During 1994, the Company incurred a $1,190,000 charge related to severance costs
and moving expenses associated with a move to lower cost production facilities.

-13-





Selling, General and Administrative Expenses (Continued)
--------------------------------------------

The percentage relationship of selling, general and administrative expenses
to net sales increased by 1.1% from 1994 to 1993. The Company attributes the
increase primarily to (1) severance and related moving and training expenses
incurred during the second quarter of 1994 in the amount of $1,190,000 in
connection with its Far East subsidiary's decision to move its manufacturing
from Hong Kong to lower cost areas in Macau and The People's Republic of China
and (2) decreased sales. Selling, general and administrative expenses increased
in dollar amount by 1.1% principally as a result of expenses in connection with
the manufacturing move described above offset in part by reductions in
commissions and related selling expenses.

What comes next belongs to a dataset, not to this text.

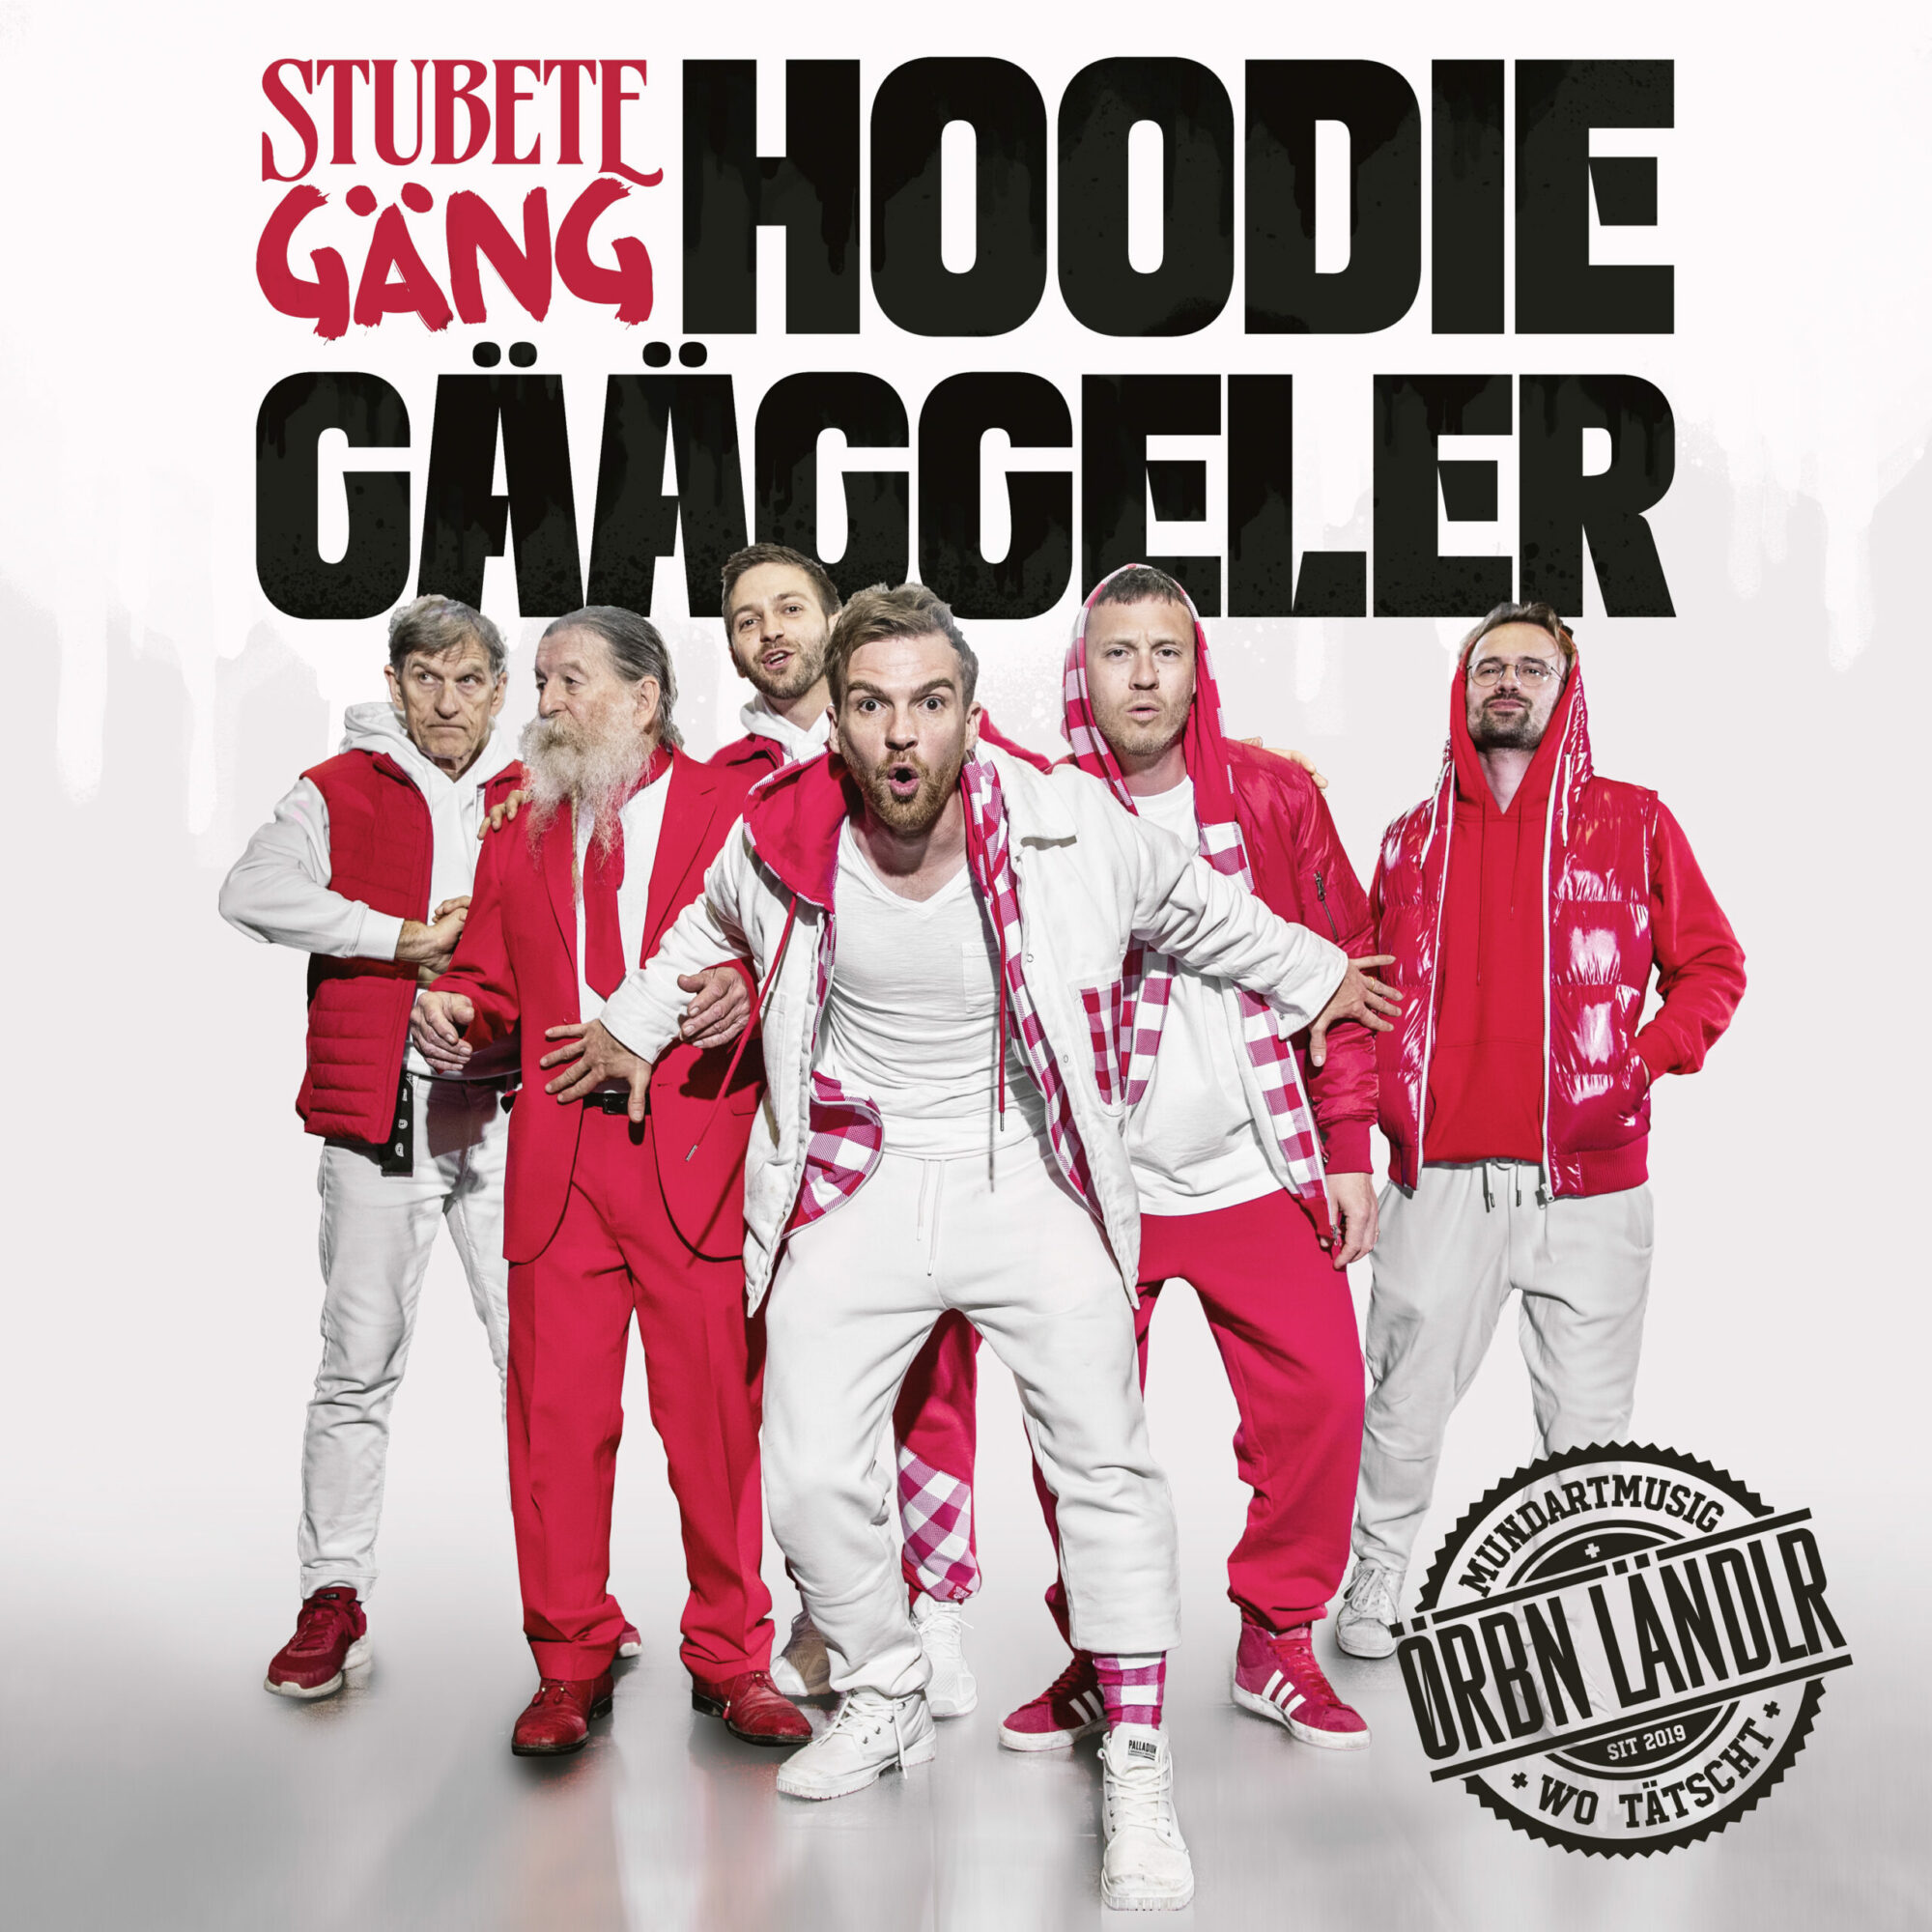 Stubete Gäng_Hoodie Gääggeler_Cover

Other Income and Expenses; Gain on Sale
---------------------------------------

Other income, consisting of earnings on cash equivalents and marketable
securities and net realized gains on the sale of marketable securities increased
by approximately $1,457,000 in 1995 from 1994. The increase is primarily due to
the Company's realizing approximately $1,483,000 of gains from the partial
liquidation of the Company's investment in Pulse's common stock upon Pulse's
acquisition by Technitrol, Inc. in September, 1995 offset in part by losses on
the sale of other marketable securities.

Other income, consisting principally of earnings on cash and cash
equivalents and marketable securities offset in part by realized losses on the
sale of marketable securities and the loss on abandonment of fixed assets
incurred in connection with the Company's move from Hong Kong to Macau and The
People's Republic of China, decreased by approximately $288,000 in 1994 from
1993. The decrease is attributable to the Company and its Far East subsidiary
realizing approximately $135,000 of losses from the sale of marketable
securities during 1994, the loss on abandonment of fixed assets of approximately
$167,000 during 1994 and lower earnings on invested funds due to lower average
balances during 1994 versus 1993.

Provision for Income Taxes
--------------------------

The Company has historically followed a policy of reinvesting substantially
all of the earnings of foreign subsidiaries in the expansion of its foreign
operations. If the unrepatriated funds were distributed to the parent
corporation rather than reinvested in the Far East, such funds would be subject
to United States Federal income taxes. No funds were repatriated during 1995,
1994 or 1993. (See Note 5 of Notes to Consolidated Financial Statements).

The income tax provision was $1,222,000 in 1995 as compared to a benefit of
$203,000 in 1994. The Company attributes this change primarily to the earnings
before income tax provision in 1995 versus a loss before income tax provision in
1994. The utilization of United States and Far East net operating loss
carryforward and general business credits in the United States in 1995 reduced
income taxes by approximately $577,000.

-14-






Provision for Income Taxes (Continued)
--------------------------

The income tax provision decreased from a charge of $222,000 in 1993 to a
$203,000 benefit in 1994. The Company attributes this change primarily to the
loss before income tax provision during 1994 versus earnings before income tax
provision for 1993.

The Company's effective tax rate has been lower than the statutory United
States corporate rate primarily as a result of lower rates in Hong Kong and
Macau. In 1995 the tax rate was impacted by the utilization of net operating
loss carryforward in the United States, Hong Kong and Macau and the utilization
of general business credits in the United States. In 1993 the tax rate was
impacted by the utilization of net operating loss carryforward in the United
States. During 1994 there was no utilization of net operating loss carryforward.

Inflation
---------

During the past two years, the effect of inflation on the Company's
profitability was not material. Fluctuation of the U.S. dollar against other
major currencies does not significantly affect the Company's foreign operations
as most transactions are denominated in U.S. dollars.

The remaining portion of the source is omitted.